Permutation ANOVA (PERMANOVA) in R: vegan Package for Ecology

PERMANOVA (Permutational Multivariate Analysis of Variance) tests whether the centroids of two or more groups differ in multivariate distance space. It uses permutations instead of normal-theory F distributions, so it works on species-abundance matrices, microbiome OTU tables, and any other multivariate data where ordinary MANOVA fails. In R, the vegan package implements it through adonis2().

What is PERMANOVA and when should you use it?

When you hold a multivariate response, like community species counts, microbiome OTU tables, or multi-trait measurements, and want to ask "do these groups differ overall?", PERMANOVA is the workhorse.

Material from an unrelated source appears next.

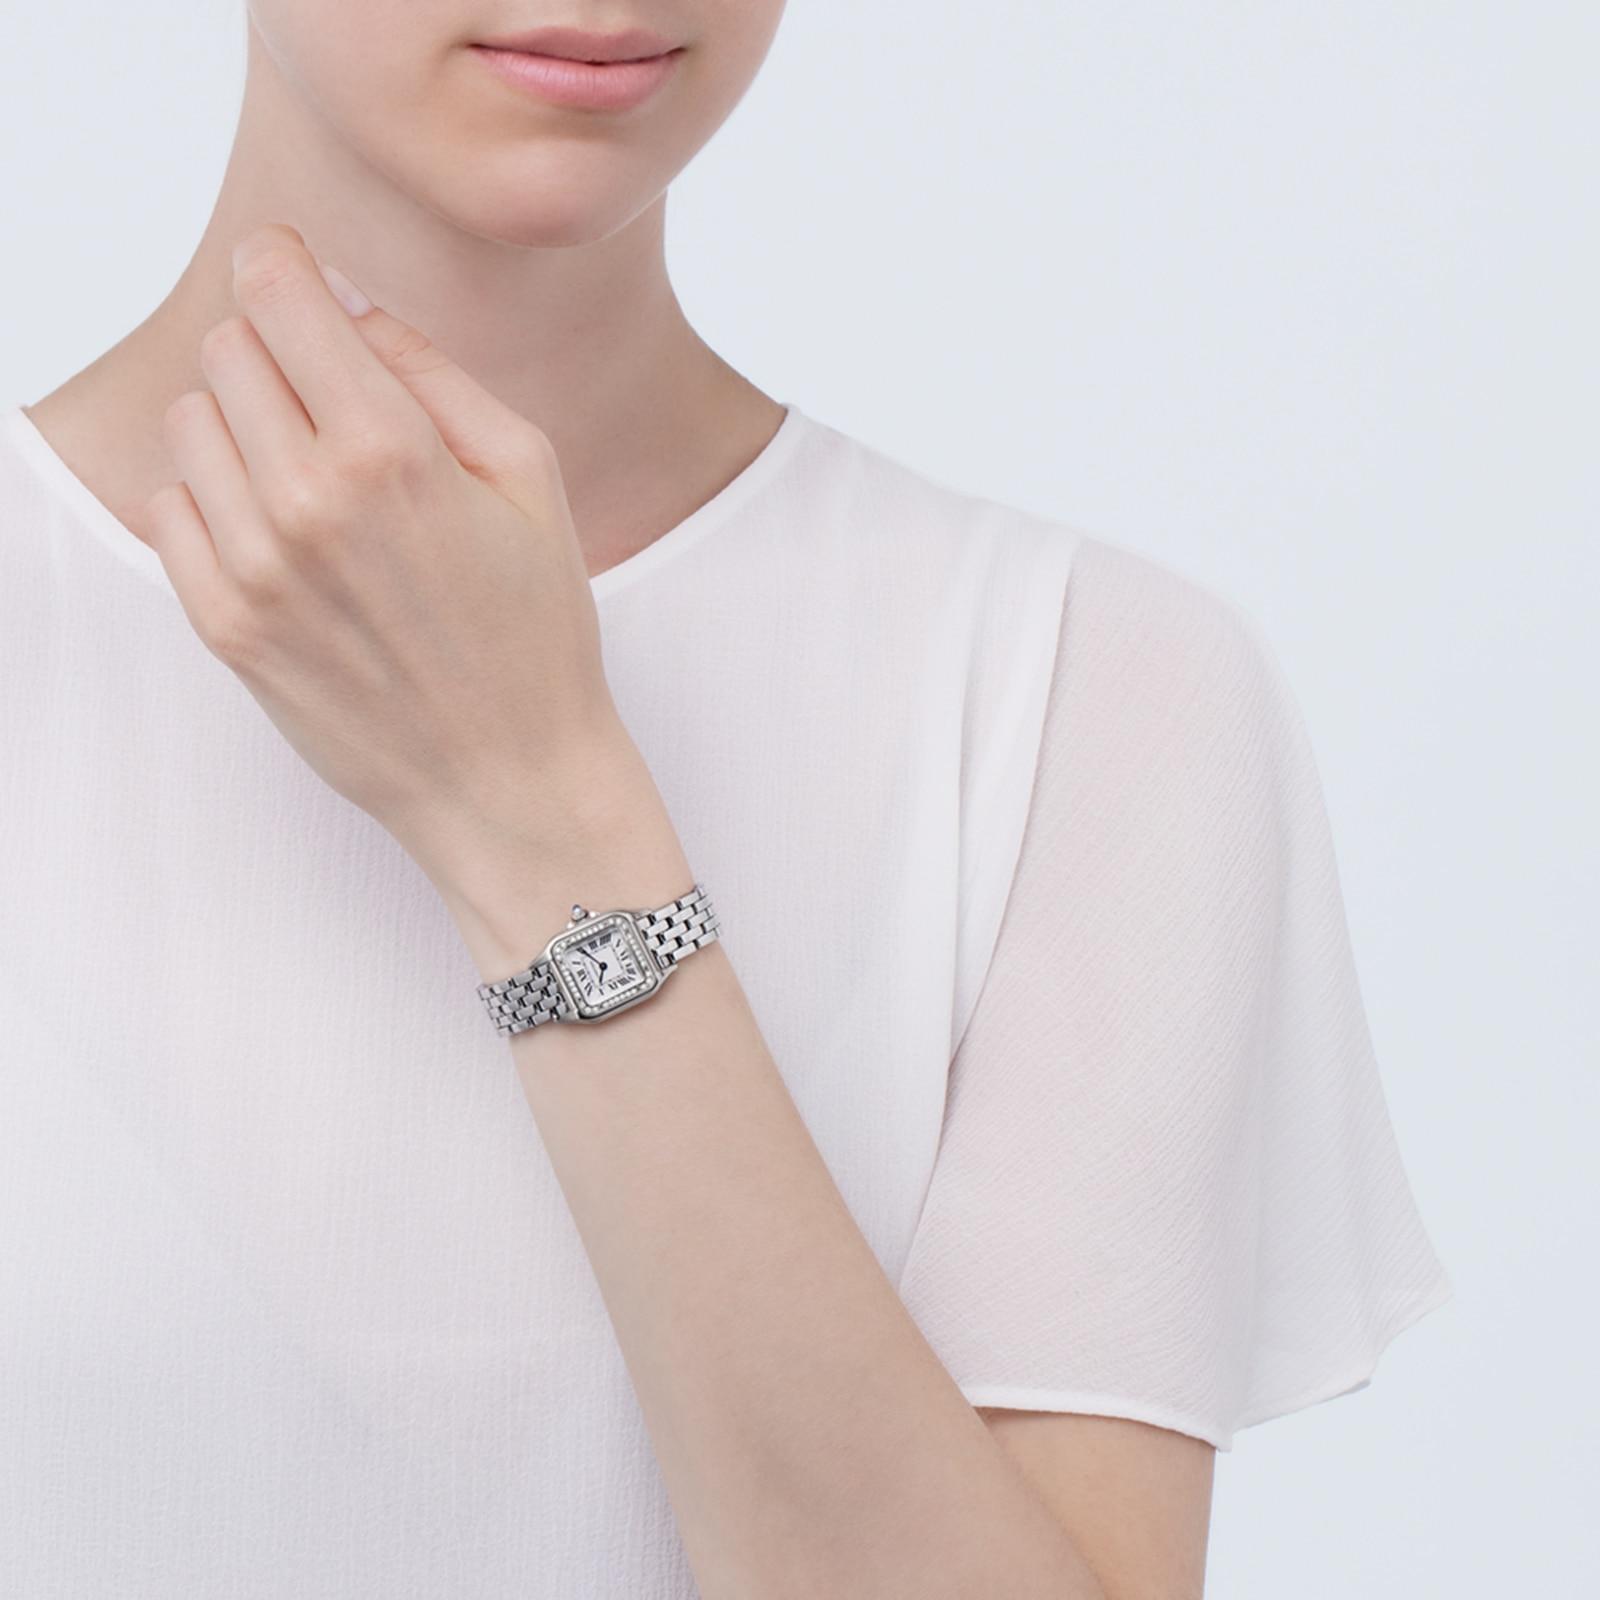 Cartier Panthère de Cartier watch, Small model, steel, diamonds

It compares group centroids in distance space, builds the null distribution by shuffling group labels, and returns a pseudo-F and p-value. The classic dune dataset (20 sites, 30 species, four management types) is the standard worked example, and the call is one line.

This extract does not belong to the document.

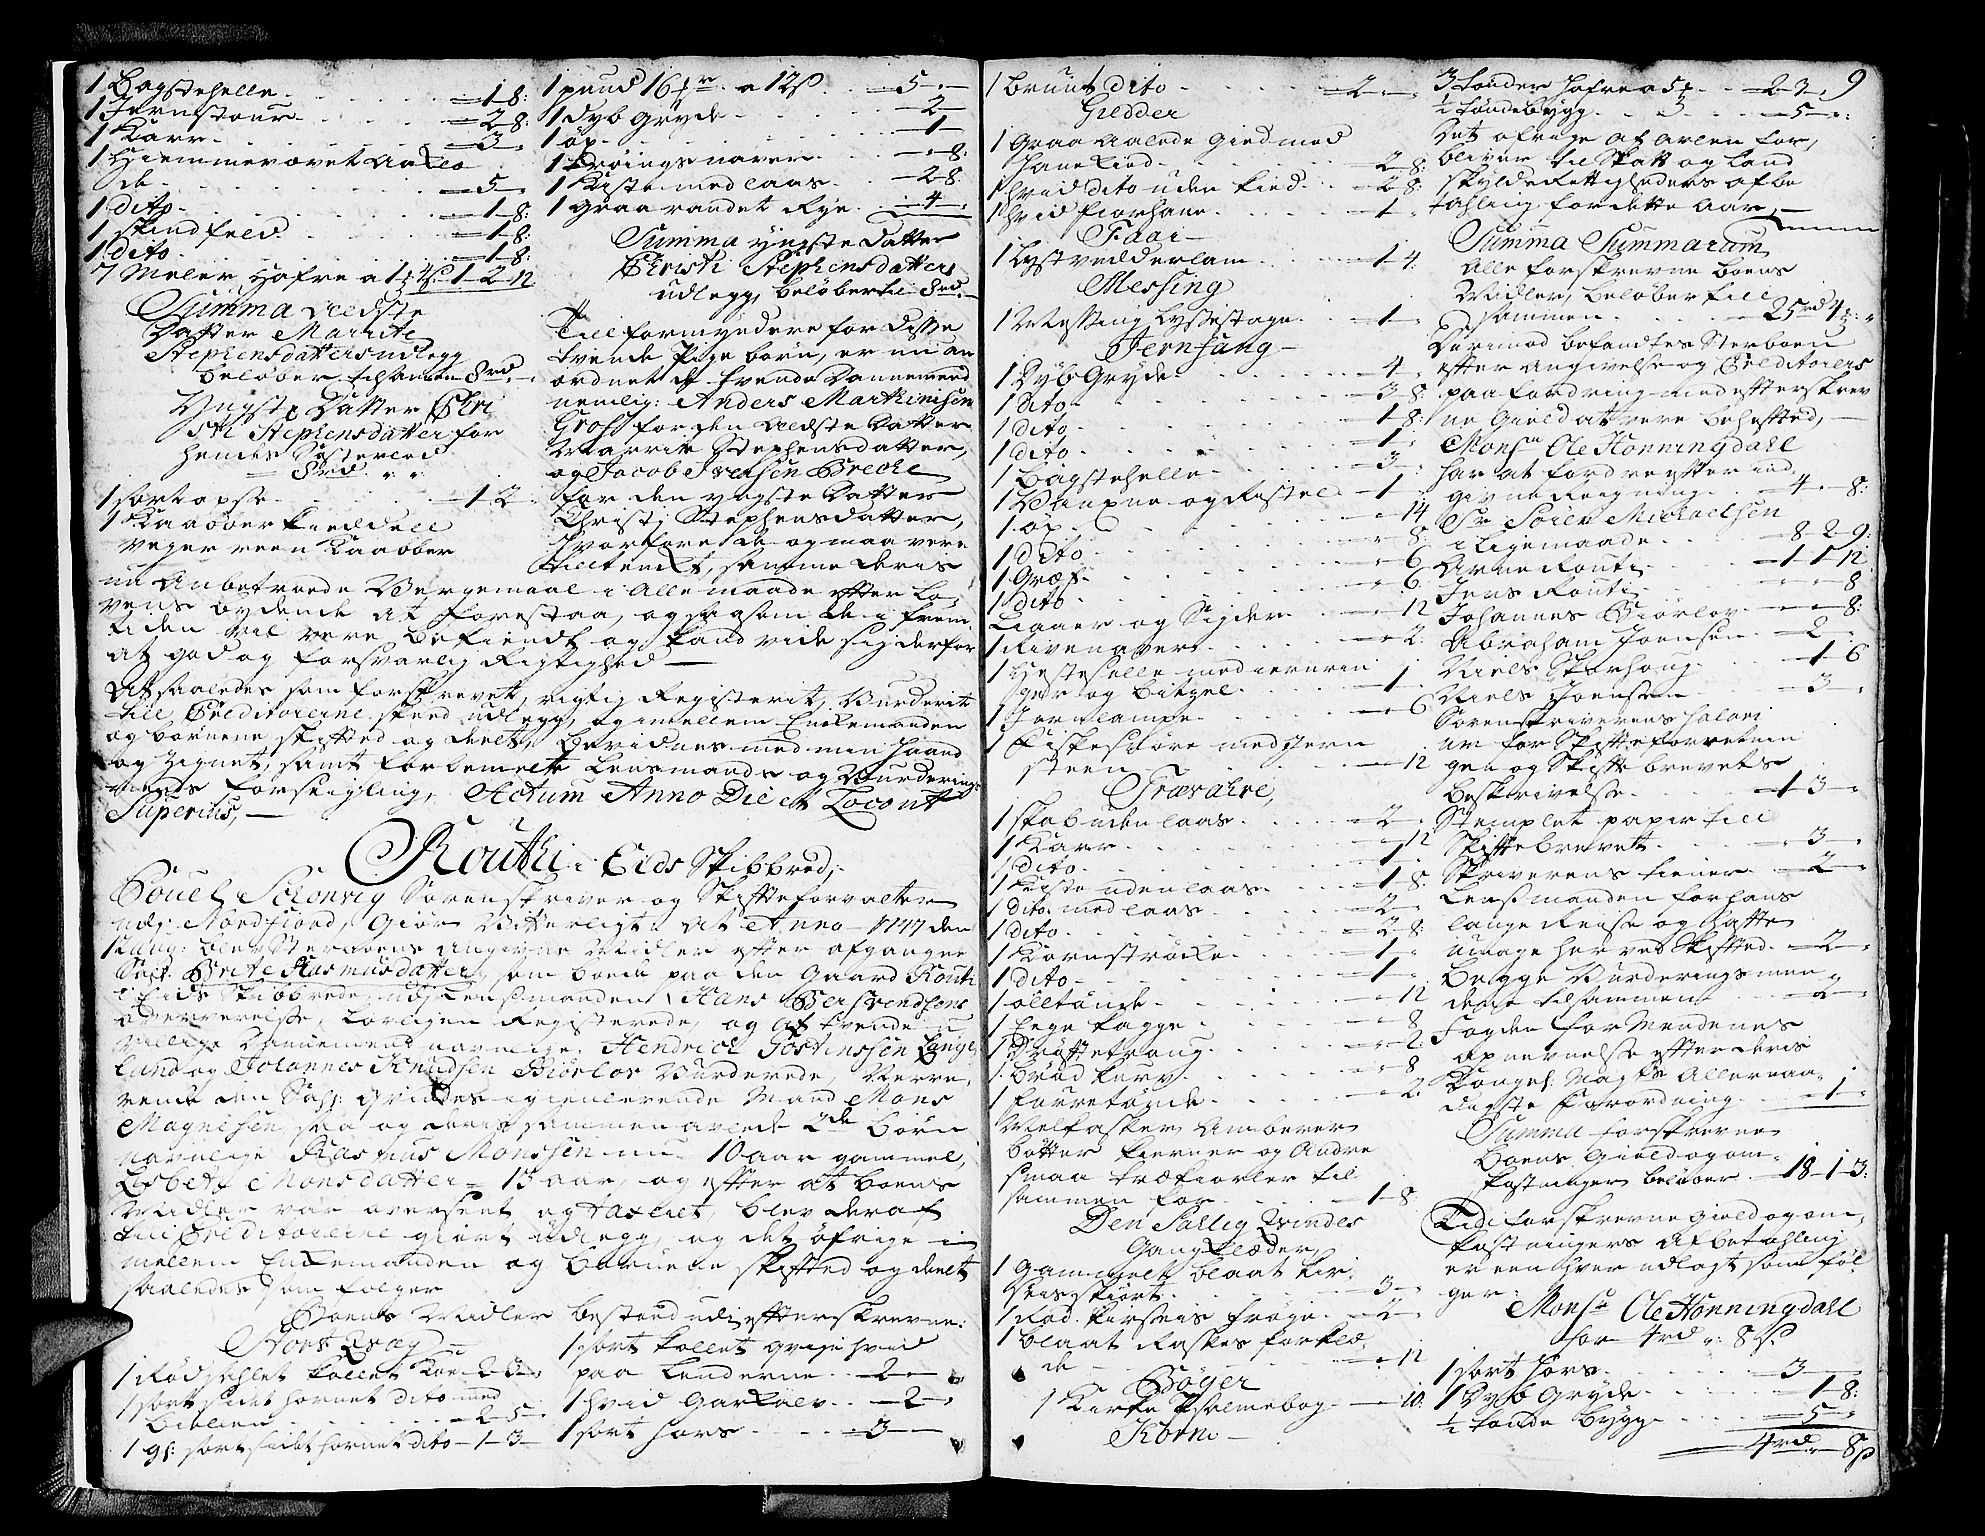 SAB, Nordfjord Sorenskriveri, 04/04a/L0010: Skifteprotokollar, 1747-1750, s. 8b-9a

RRun PERMANOVA on the dune dataset
library(vegan) data(dune) # 20 sites x 30 species abundance matrix data(dune.env) # site metadata: Management, Moisture, A1, ... set.seed(123) mod1 <- adonis2(dune ~ Management, data = dune.env, method = "bray", permutations = 999) mod1 #> Permutation test for adonis under reduced model #> Terms added sequentially (first to last) #> Permutation: free #> Number of permutations: 999 #> #> Df SumOfSqs R2 F Pr(>F) #> Management 3 1.4686 0.34161 2.7672 0.005 ** #> Residual 16 2.8304 0.65839 #> Total 19 4.2990 1.00000

  

The four management types explain about 34% of the multivariate variance in species composition (R² = 0.342). The pseudo-F of 2.77 is unusual enough that only 5 of 1000 permuted label-shuffles produced a value that large or larger, giving a p-value of 0.005. That is strong evidence that management regime drives community composition, not chance.

Key Insight
PERMANOVA shuffles group labels, not the data values themselves. The pseudo-F formula is fixed; the null distribution comes from re-running the calculation thousands of times under randomly permuted group assignments. If the true grouping is meaningful, the observed F sits in the tail.

Try it: Refit the same model but use Moisture as the predictor instead of Management. Does soil moisture explain a similar share of community variance?

RYour turn: PERMANOVA on Moisture
# Refit adonis2 with Moisture instead of Management ex_mod <- adonis2(dune ~ ___, data = dune.env, method = "bray", permutations = 999) ex_mod #> Expected: an R2 around 0.34 and a small p-value

  
Click to reveal solution
RMoisture solution
set.seed(123) ex_mod <- adonis2(dune ~ Moisture, data = dune.env, method = "bray", permutations = 999) ex_mod #> Df SumOfSqs R2 F Pr(>F) #> Moisture 3 1.7282 0.40201 3.5851 0.001 *** #> Residual 16 2.5709 0.59799 #> Total 19 4.2990 1.00000

  

Explanation: Moisture explains 40% of community variation, slightly more than Management. Both are real ecological drivers in this dataset.

How does PERMANOVA test differences using permutations?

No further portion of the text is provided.